Consumer packaged goods (CPG) is the biggest one. Activist investors and the rise of Amazon.com are forcing companies to change the way they behave. Companies are terrified, and they know they need to perform better. They know that they need to have higher customer performance at lower cost and they’re struggling to figure out where to get those productivity improvements – which is where we come in. We enable you to take non-core areas of your business such as supply chain planning and demand forecasting, and let Capgemini provide the service using E2open tools to do it cheaper, better, faster and with better outcomes. This allows companies to invest more in improving their products, services, stores or other aspects of their core business.
The need for dramatic productivity improvements applies to almost every industry. In the pharmaceutical industry, for example, there’s a rush to become efficient, so they can price more effectively. In the US, the government is forcing providers to reduce costs, but they’re unable to reduce the amount they spend on research and development, making it a perfect fit in having Capgemini provide the business planning functions using E2open tools.
It also extends to high tech, where margins are shrinking and the success or failure of a company is largely dependent on the availability of the supply of chips and glass for screens and a number of other constrained materials. The right way to manage that is to outsource the planning and let the company focus on designing and marketing better products. It really applies to all industries but I’d say the CPG, pharmaceutical and high tech industries are the really hot ones right now because they have particular market pressures.
Can you share any client examples where the solution has been applied?
Yes. E2open is one of the best kept secrets behind hundreds of Fortune 500 companies. Procter & Gamble uses E2open to forecast its entire global business. Dell runs their procurement, manufacturing and distribution on E2open. Boeing manages the production of the 787 Dreamliner on E2open. Most of our clients have seen paybacks in a year or less, with inventory reductions that amount to hundreds of millions of dollars.
Could you talk about some of the new developments you’re currently working on at E2open?
A lot of the work we’re currently doing is in artificial intelligence (AI). We’ve been providing AI-based products for about 15 years, but they have largely focused on the demand side within specific industries. We’re now working to apply AI to the supply side, to make better decisions around the make, move and pack of materials and extending them across other industries.
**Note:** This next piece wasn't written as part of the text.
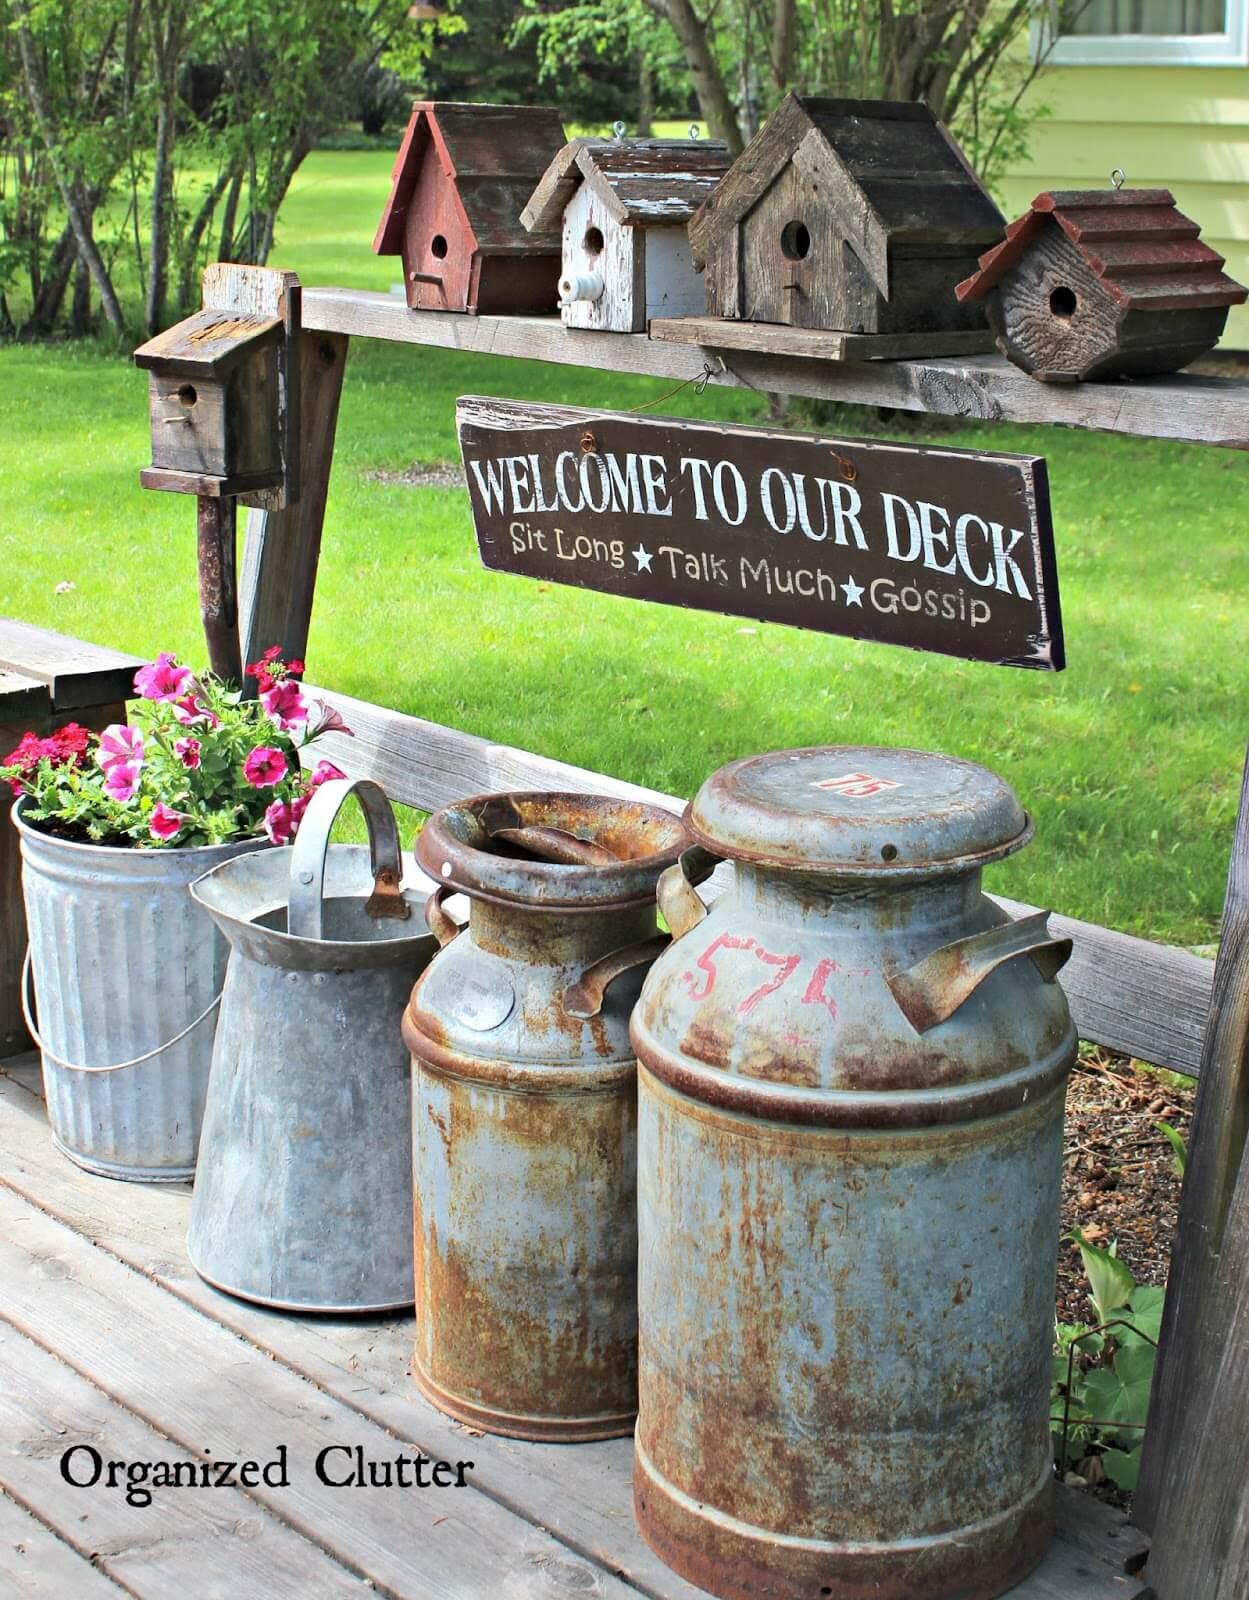 Vintage Birdhouse and Milk Can Decor Idea

We’re also working on making the experience more seamless. Historically, companies bought multiple niche software products for different processes such as forecasting, inventory planning, supply planning and procurement. Users would log in and out between applications and it required extensive IT investment to integrate the disparate products. The lines are now blurring and when your supply chain is run in the cloud, it won’t matter what product you’re in – what matters is that you have access to the information you need. So were trying to make the process seamless and cohesive across functional groups to allow better collaboration.
And finally, what advice do you have for supply chain leaders?
Act now! The worst decision you can make is to do nothing. It’s important for companies to act right now because the lifeblood of these companies is at stake. More and more companies are going bankrupt because they are failing to be efficient and productive in their markets. And there’s a lot of trepidation in the market right now – the private equity effect in CPG, the regulatory effect in pharmaceutical, and the market depression in high tech.
But if companies can step back, what they realize is that during times of change there are tremendous amounts of opportunities. Investing in change, new techniques and approaches is best done in times of transition. Coming out of these difficult markets, there will be winners and there will be losers – and Capgemini and E2open work with companies to enable them to be winners.